This is a summary of Simats, A., Zhang, S., Messerer, D. et al. (2024). Innate immune memory after brain injury drives inflammatory cardiac dysfunction. Published in Cell. https://doi.org/10.1016/j.cell.2024.06.028
The challenge
A stroke not only causes immediate damage to the brain, but it can also have long-term health implications for other organs, such as the heart. However, unlike the acute inflammatory response within hours to a few days, the chronic effects of brain injury on systemic immunity are largely unknown. We hypothesized that the high rate of additional health conditions that develop after a stroke could have a common immunological cause, and result from long-term changes in the function of innate immune cells.
Our approach
To study epigenetic changes we used single-cell sequencing and mouse models. We validated our observations using clinical data from three representative stroke patients recruited by the Stroke Induced Cardiac FAILure (SICFAIL) study consortium that were followed up by cardiac echocardiography at three and 6 months after their stroke. In addition, we obtained myocardial autopsy samples from patients that had died 1–3 months after stroke or from age-matched control subjects that had died without cardiac or brain disorder
Our findings
We demonstrated that certain immune cells (monocytes/macrophages) in various organs undergo permanent proinflammatory changes in their transcriptome for up to three months after a stroke. Essentially, specific gene segments are transcribed differently, leading to an imbalance in the proteome. These epigenetic modifications most commonly occur in the heart, where they can result in cardiac fibrosis and impaired pumping function. Our research has pinpointed the protein IL-1b as the main contributor to these epigenetic alterations, which influences immunological memory after a stroke.

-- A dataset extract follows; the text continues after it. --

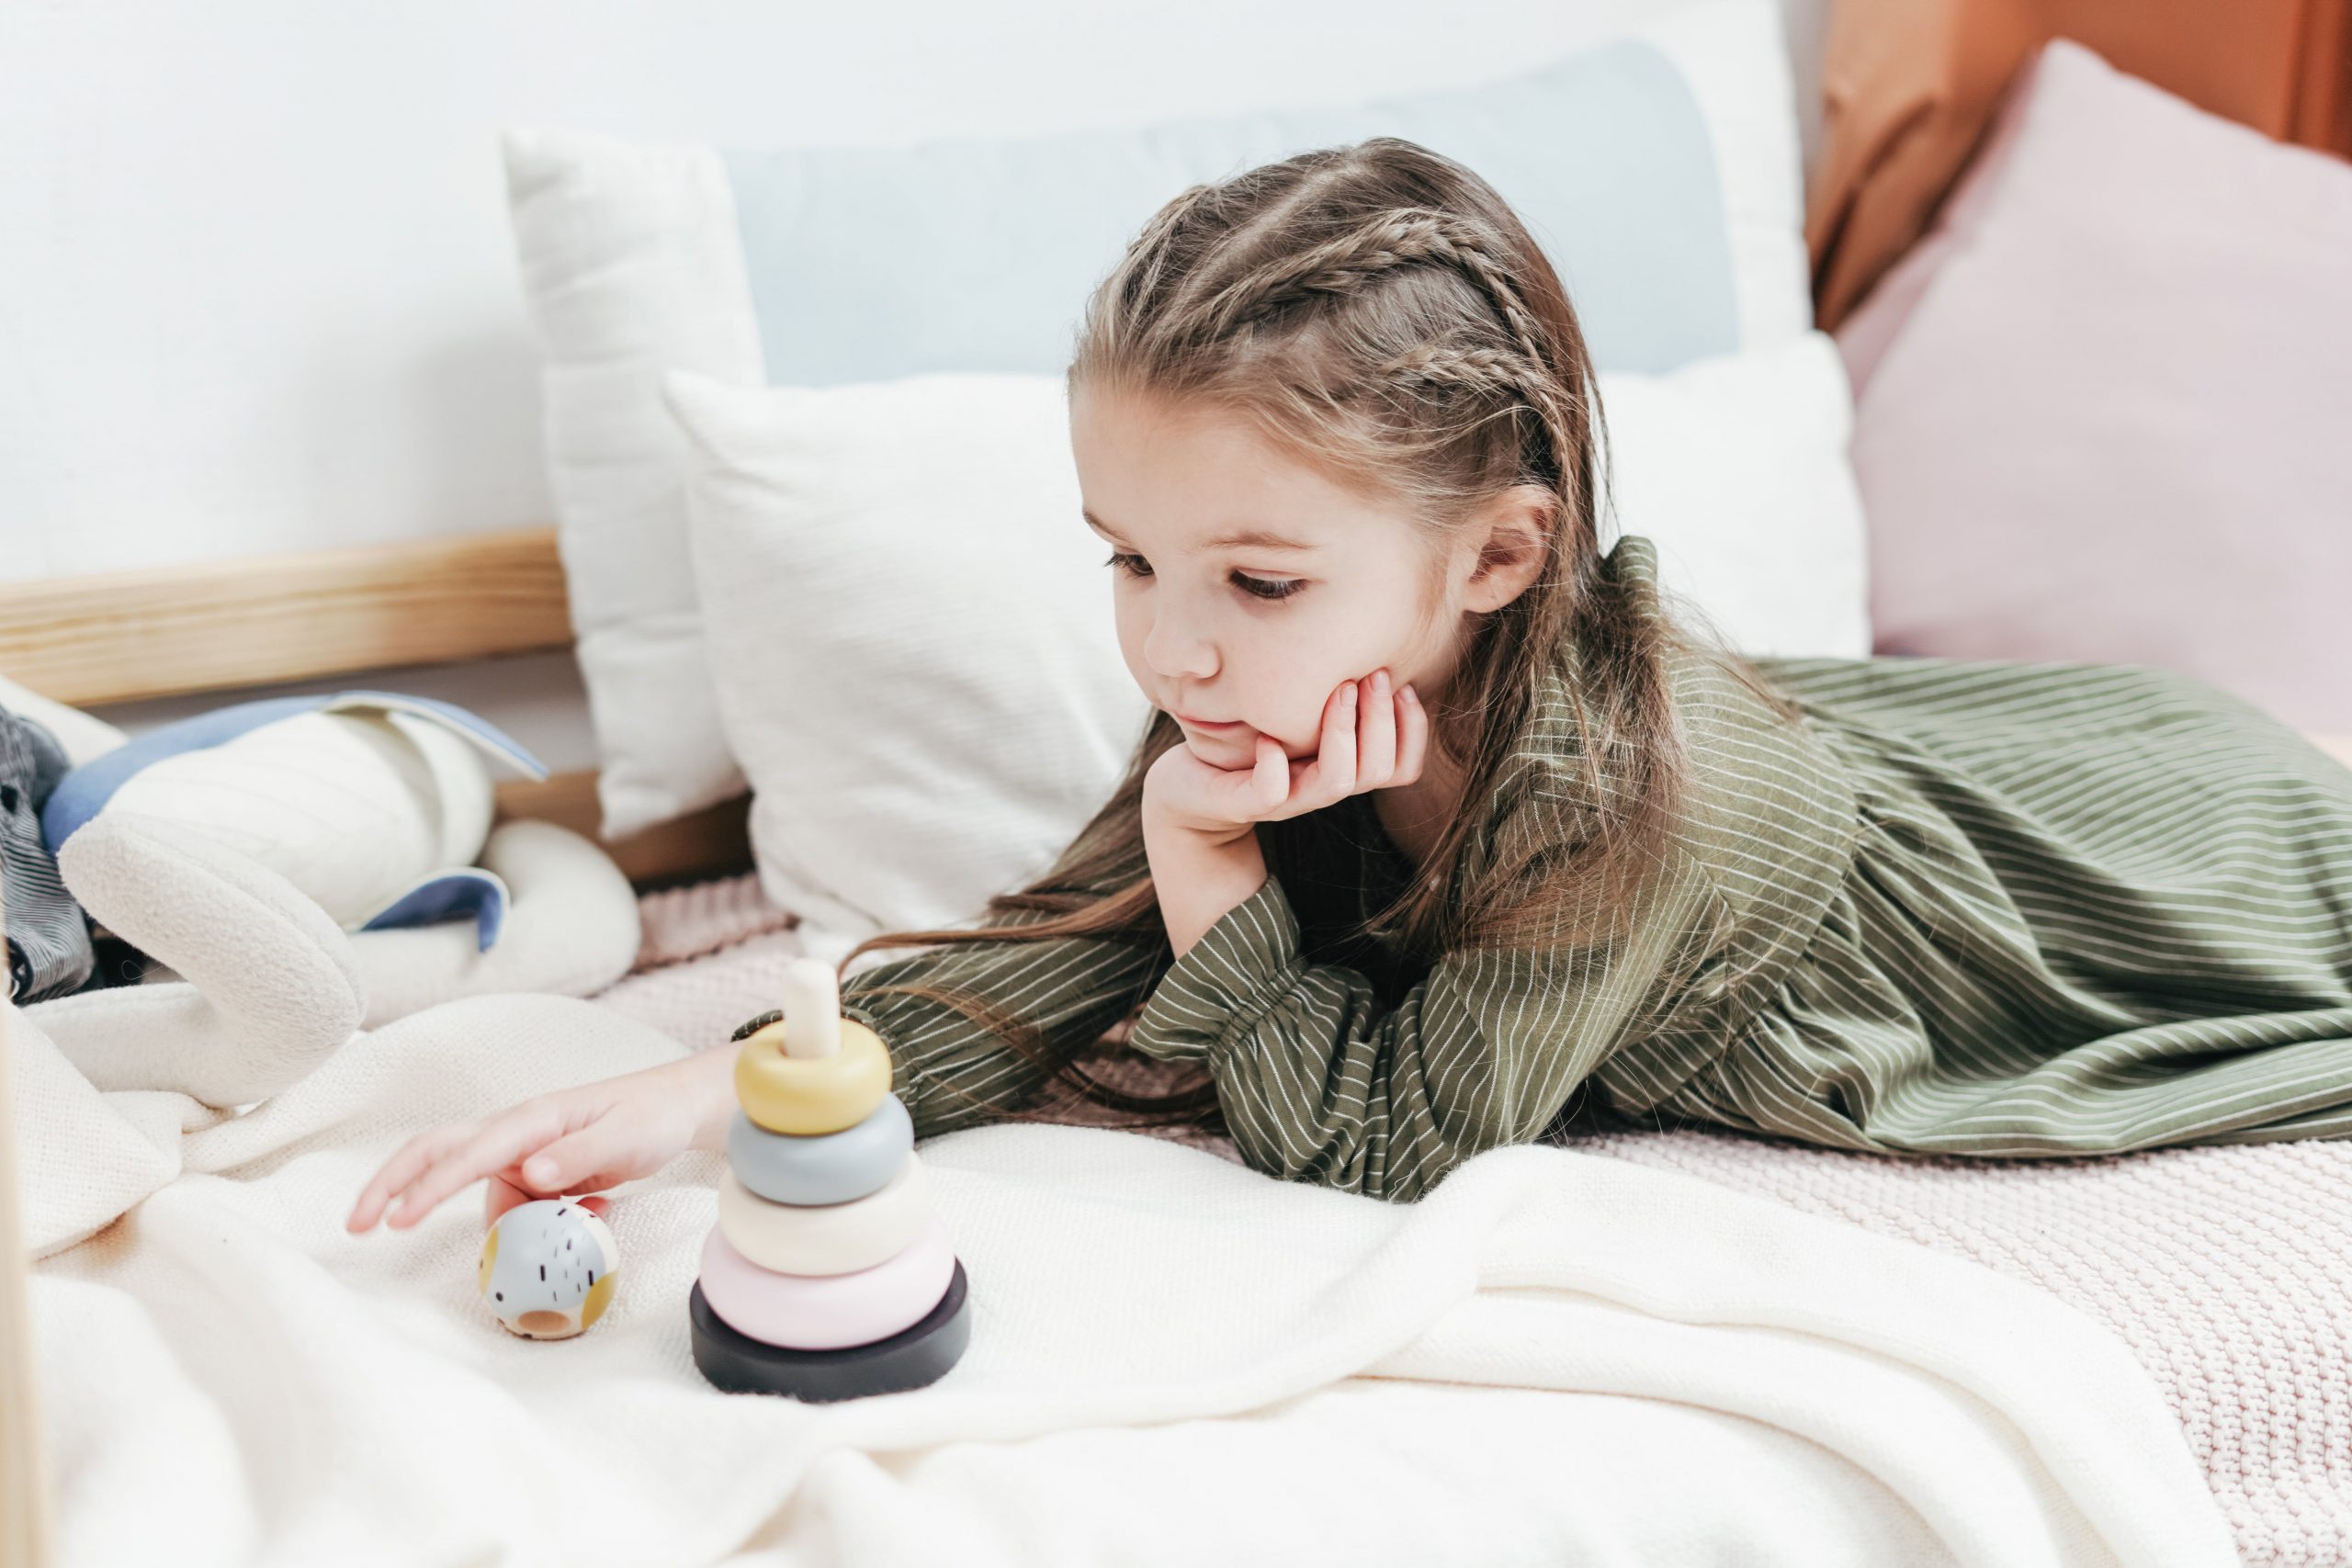 A contemplative young girl lies on a bed playing with a wooden toy, surrounded by pillows. 
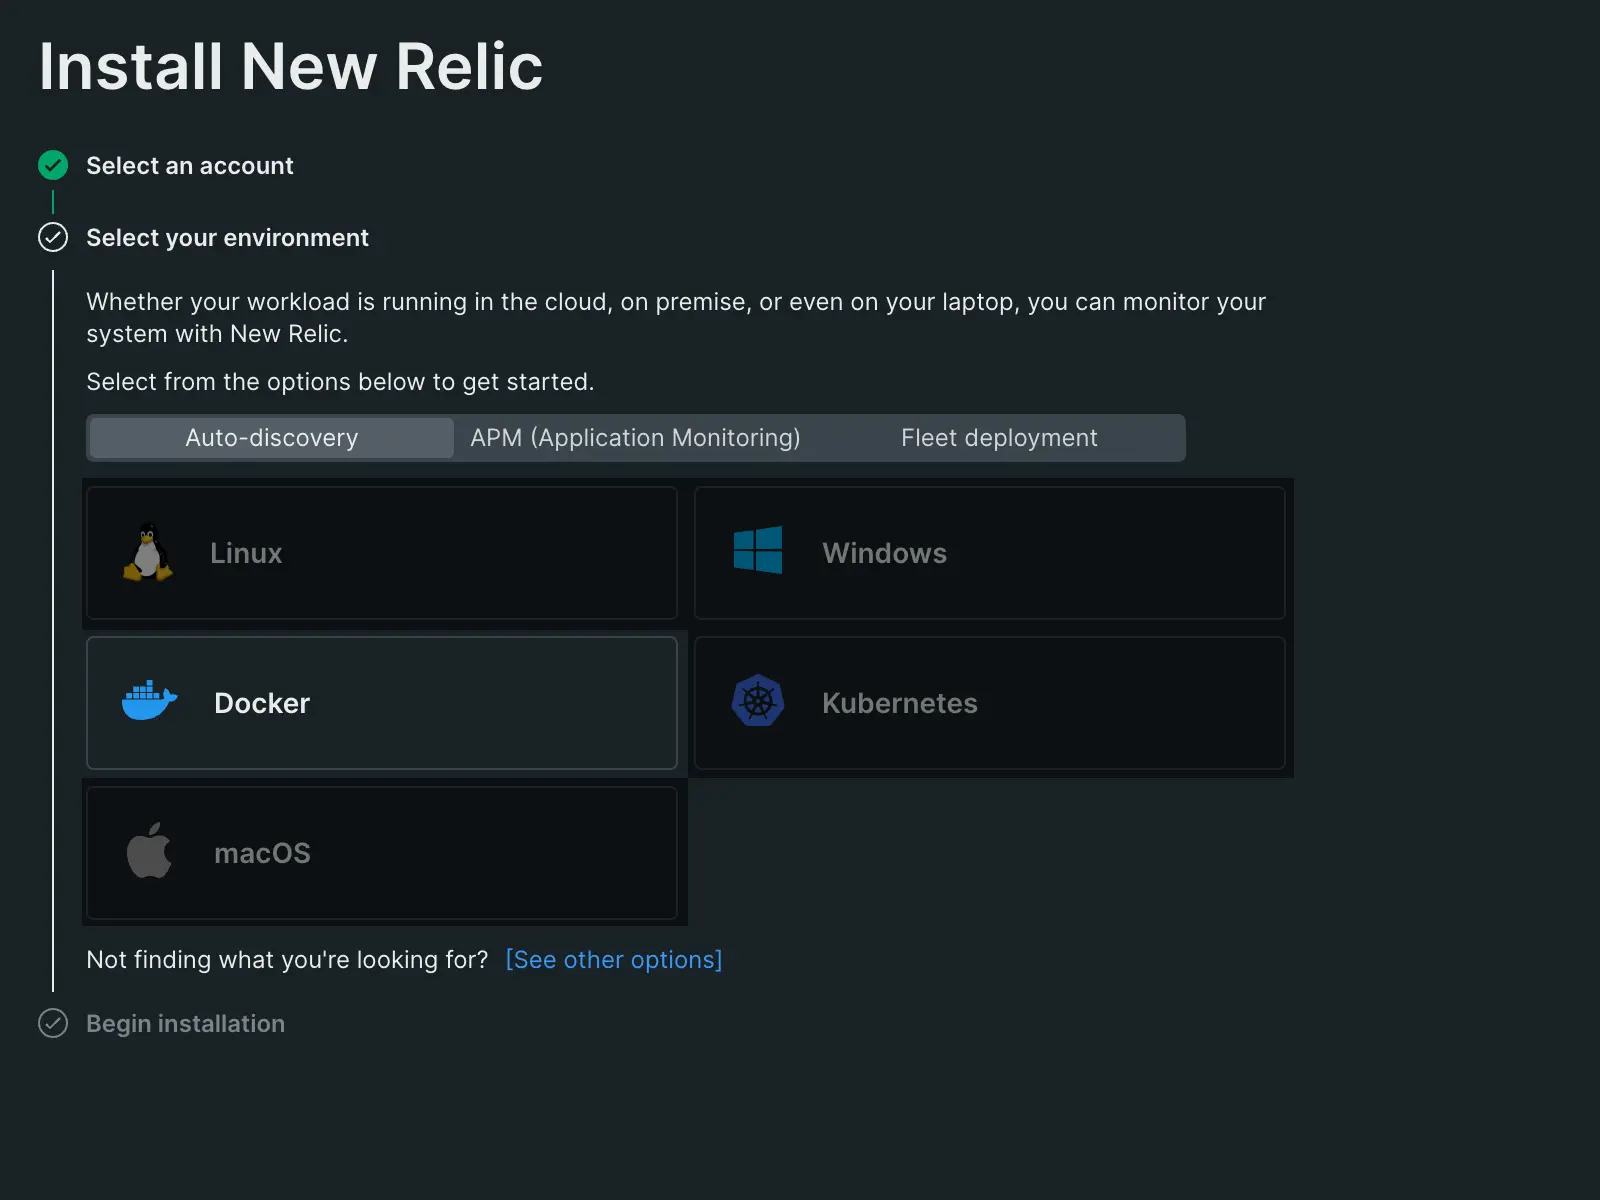 An image displaying New Relic's guided installation for Docker

We were able to demonstrate the connection between modified blood formation in bone marrow through overexpressed IL-1b and cardiac dysfunctions in a mouse model. Furthermore, we showed that blocking IL-1b, as well as inhibiting migration of the proinflammatory cells to the heart, successfully prevented cardiac problems after stroke.
The implications
Our findings suggest new avenues for treating and preventing heart problems that can occur after a stroke. The reprogramming of the immune system in the brain and the heart, as revealed by our research, could be the key to understanding and addressing health issues related to IL-1b.
Creating SyNergies
The research was led by Arthur Liesz and included SyNergy members Martin Dichgans, Nikolaus Plesnila, and Eduardo Beltrán and was supported by several SyNergy Hubs. Follow-up studies investigating the brain – bone marrow axis after stroke are already planned and will involve further SyNergy members to leverage their unique expertise in innate immunity and systems biology.